Less Than 2% of the Medical Interpreters We Work with Are Certified. Here’s Why That’s the Most Honest Answer. 

Man sitting at his desk smiling. He's holding and looking at two pieces of paper comparing qualified vs. certified interpreters.

We get asked about certification all the time.  

“What percentage of your healthcare interpreters are certified?”  

Our answer is less than 2%. And, almost without exception, that number lands like a thud. 

It’s the reality of the profession, and the instinct to push back is worth taking seriously. The concern isn’t with our 2%. The concern is with the misunderstanding about what medical interpreter certification actually looks like in the industry.  

Let’s take a closer look. 

There Are Two Nationally Recognized Certifications in Healthcare Interpreting 

In the U.S., two independent bodies certify healthcare interpreters: the Certification Commission for Healthcare Interpreters (CCHI) and National Board of Certification for Medical Interpreters (NBCMI). 

Both credentials require documented language proficiency, a minimum of 40 hours of formal interpreter training, passing scores on independently developed written and oral exams, and ongoing continuing education for renewal.  

Full certification requires an oral exam, but the oral exam for both CCHI and NBCMI certifications only exists for a limited number of languages. 

CCHI’s full interpreter bilingual performance exam exists for Spanish, Arabic, and Mandarin. 

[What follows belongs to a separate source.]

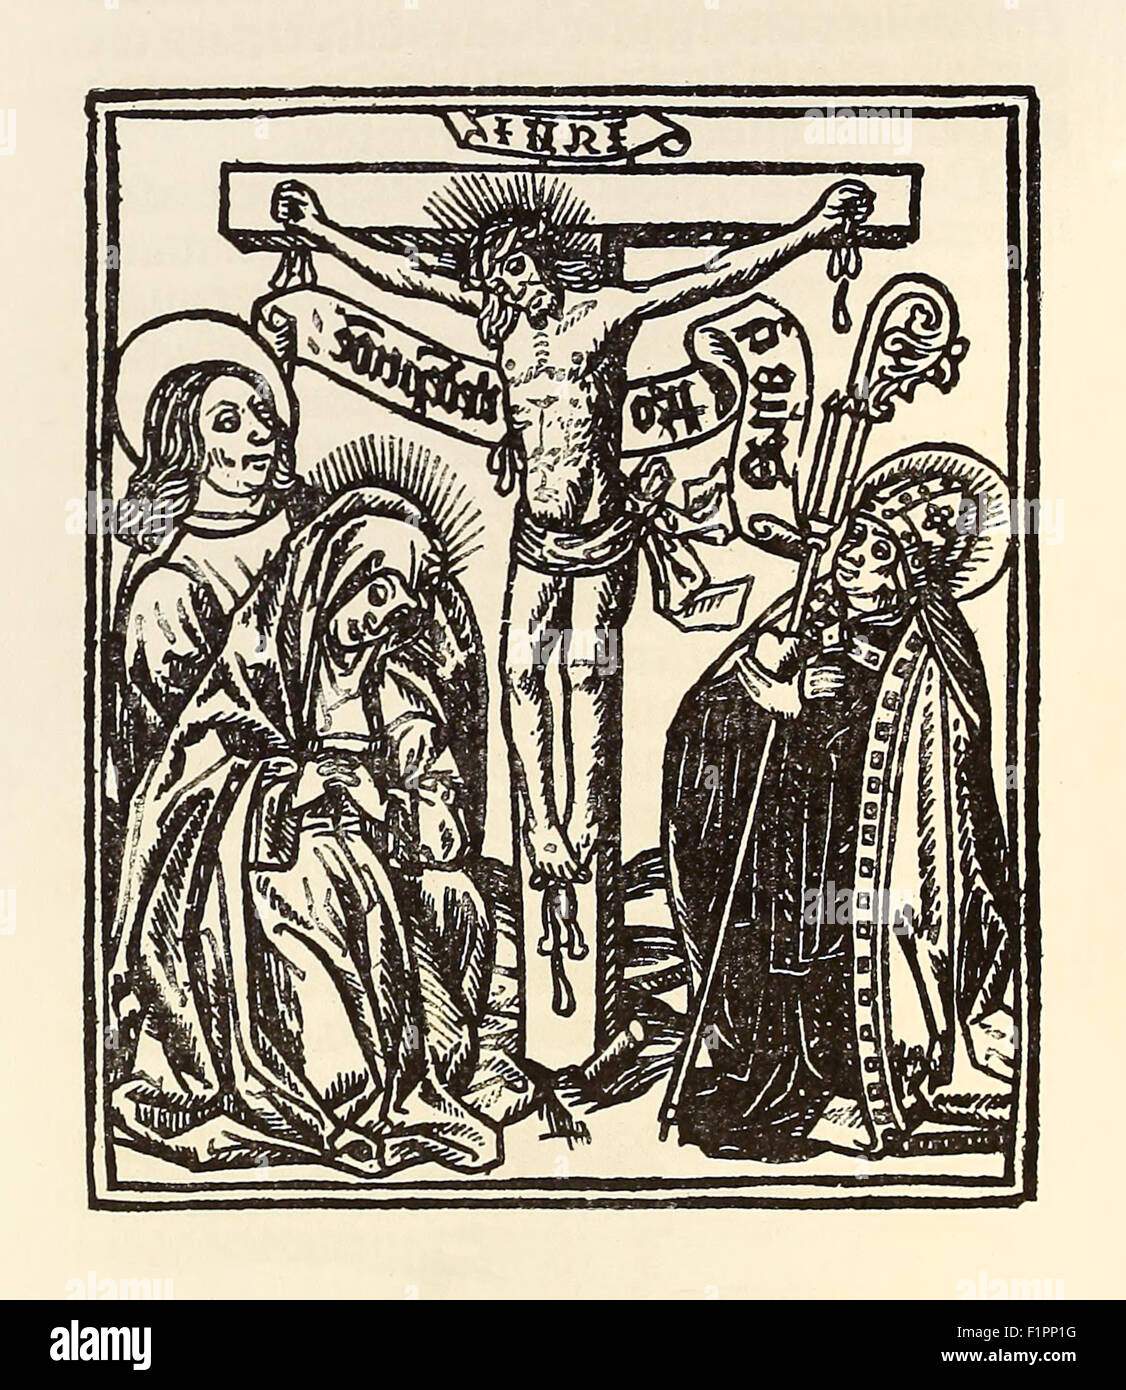 Crucifixion du Christ, gravure sur bois de 1504, dernière page de 'Calcoen' publié à Anvers, en Belgique, en 1504 ; un compte de Vasco da Gama de son deuxième voyage en Inde imprimé en flamand. Voir la description pour plus d'informations. Banque D'Images

NBCMI’s written and oral exam covers Spanish, Mandarin, Russian, Cantonese, Korean, and Vietnamese. 

That’s it. That’s the full list. 

An interpreter working in Somali, Haitian Creole, Pashto, Burmese, Nepali, Amharic, Tigrinya, or Rohingya, for example, can’t become fully nationally certified in their language pair. It’s not because of any deficiency in skill or preparation; it’s because the testing infrastructure for their language doesn’t exist yet. 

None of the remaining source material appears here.